西日本シティ銀行の職員がSNS「BeReal」に投稿した画像や動画から、顧客情報などが写り込み拡散された問題が大きな波紋を呼びました。
しかし今回の件で浮き彫りになったのは、勤務中のBeReal投稿で内部情報流出への不安が広がっており、若年層のSNS利用環境の変化と従来型の情報教育が通用しにくくなっている現状も見えてきています。
各職場で表面化するBeReal問題
西日本シティ銀行の営業店内で撮影された投稿は、社会的な衝撃も大きかったと言えます。
騒動後、SNS上では「うちの会社でも同じような投稿がある」「バイト先の厨房やレジ裏を載せている人がいる」「病院や美容院の内部が映っていた」といった声が相次ぎました。
実際に、飲食店のバックヤード、コンビニ内部、オフィスのパソコン画面、社員証、予約表、カルテ類らしきものなど、仕事現場で撮影されたBeReal投稿が拡散されるケースも見られています。
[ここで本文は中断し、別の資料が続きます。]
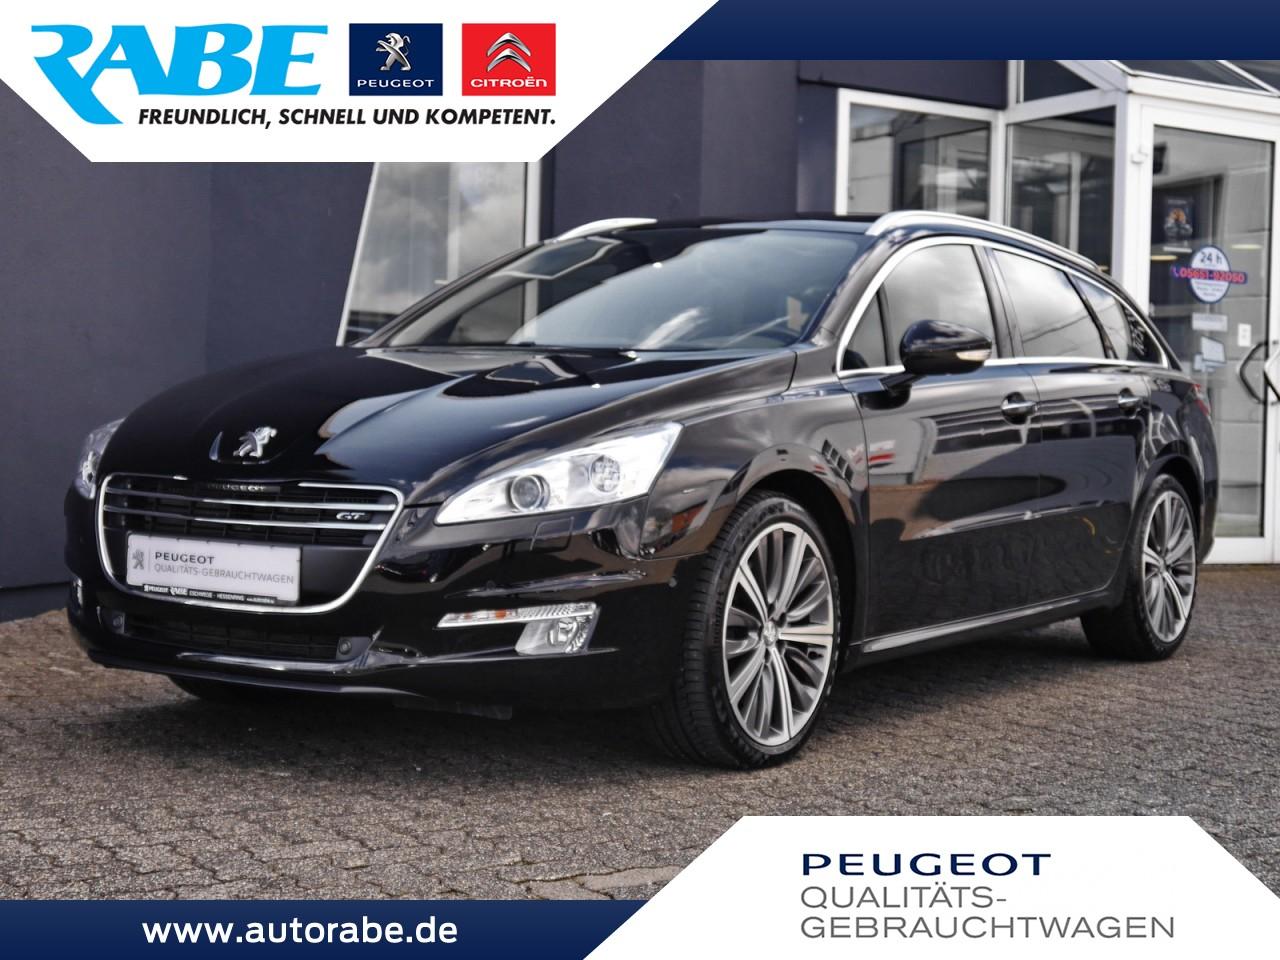 Peugeot 508 SW GT 205 HDi Xenon+Pano+NAV+Kamera+E-Heckkl, Jahr 2014, Diesel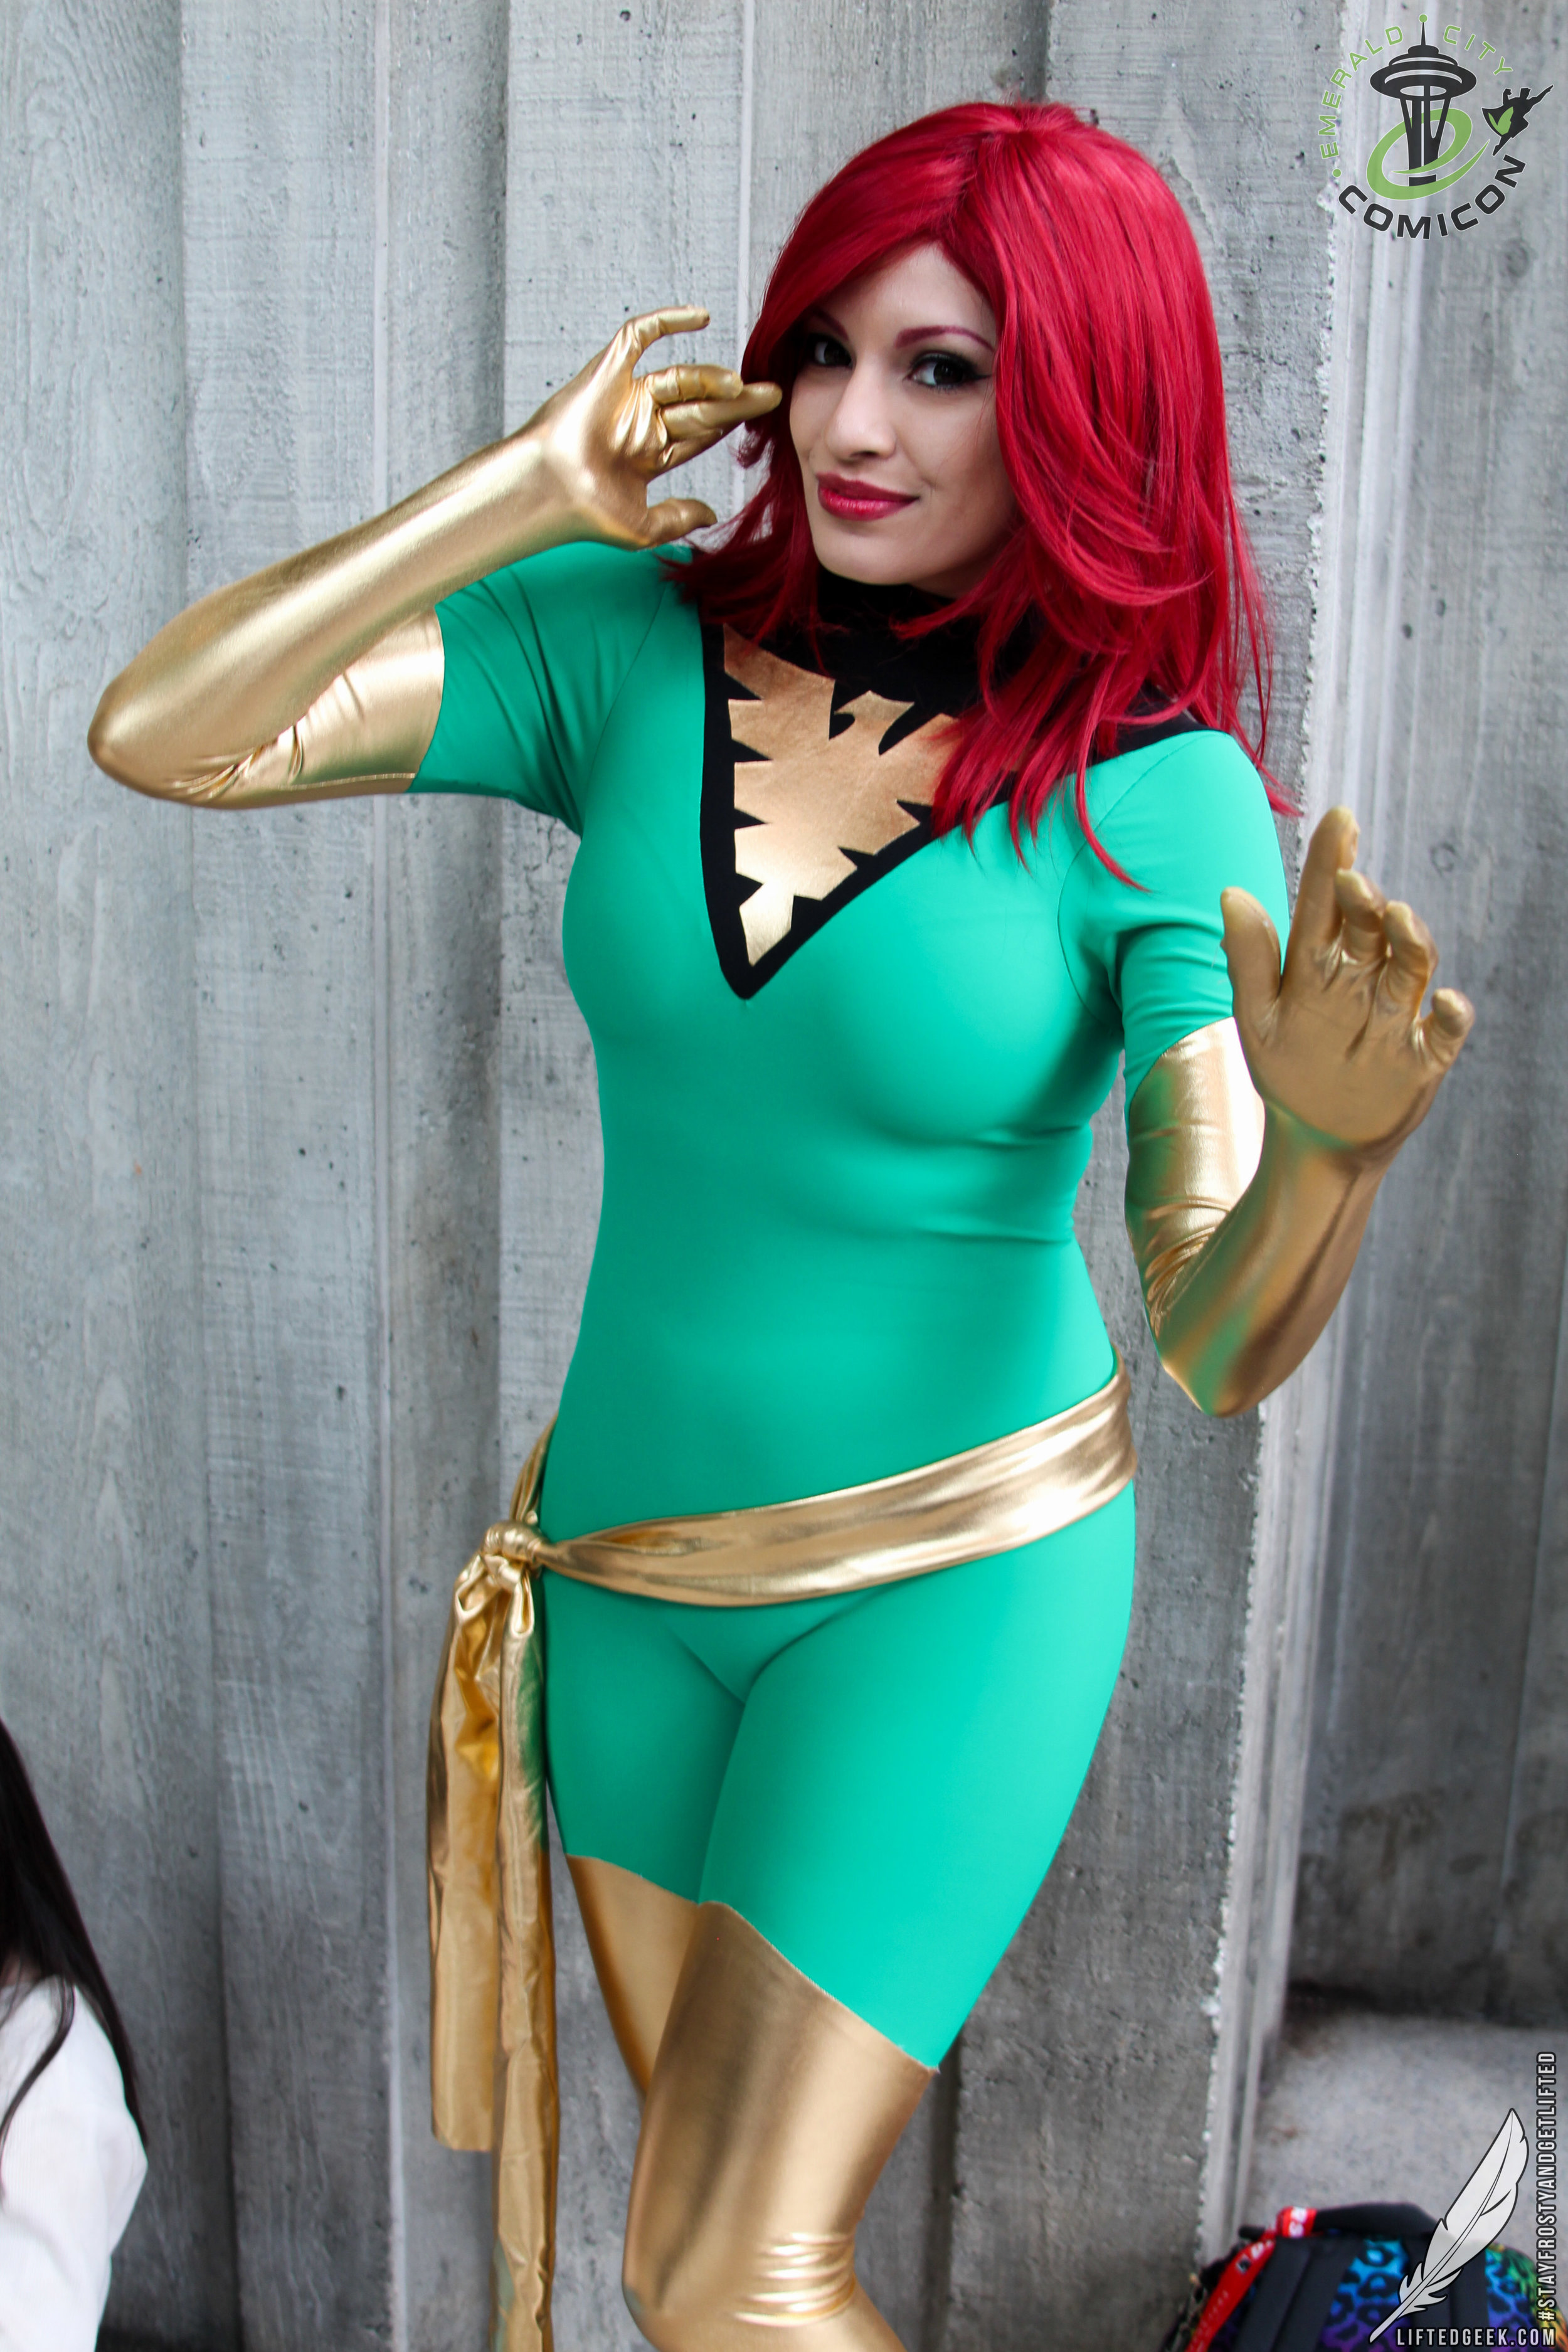 ECCC2018-cosplay-61.jpg

つまり、西日本シティ銀行の件は氷山の一角だった可能性があるのです。
BeRealは、友だち限定でリアルを共有するSNSとして利用されることが多く、本人は軽い感覚で投稿しているケースも少なくありません。
しかし、スクリーンショットや転載によって、その投稿は一瞬で外部へ流出するため、閉じた空間だと思っていたものが、実際には極めて不安定な公開空間になっているのです。
若者のSNS移動で変わる常識
今回の問題を考えるうえで見逃せないのが、若年層のSNS利用先が変わっていることです。
以前はX(旧Twitter)のような公開型SNSが主流で、炎上、不適切投稿、バイトテロ、個人情報流出などが日々可視化されていました。
そのため、ネットに載せる怖さを自然に学べる環境でもありましたが、現在は、BeReal・Instagramストーリーズ・TikTok・Discordなど、身内ノリのSNSへ移る若者が増えています。
この環境では、友だちしか見ないから大丈夫という感覚が生まれやすく、勤務先や学校、アルバイト先での投稿に対する危機感が弱まりやすいのです。
だからこそ、従来の「社員教育を徹底します」「SNS研修を強化します」だけでは限界があるのです。
物理的・制度的な対策こそが再発防止につながりますが、人は必ずミスをします。
悪意がなくても、うっかり撮ってしまった…なんてことがあるからこそ、個人の意識に頼る時代は終わりつつあるのではないでしょうか。
まとめ
西日本シティ銀行のBeReal騒動は、一企業の不祥事ではなく、あらゆる職場に潜むスマホ時代のリスクを可視化した出来事でした。
これから必要なのは、若者を責めることではなく、現代のSNS環境に合わせて教育より漏れない仕組みへ発想を変えることです。
スマホ1台で企業の信用が揺らぐ時代に、社会全体のアップデートが求められています。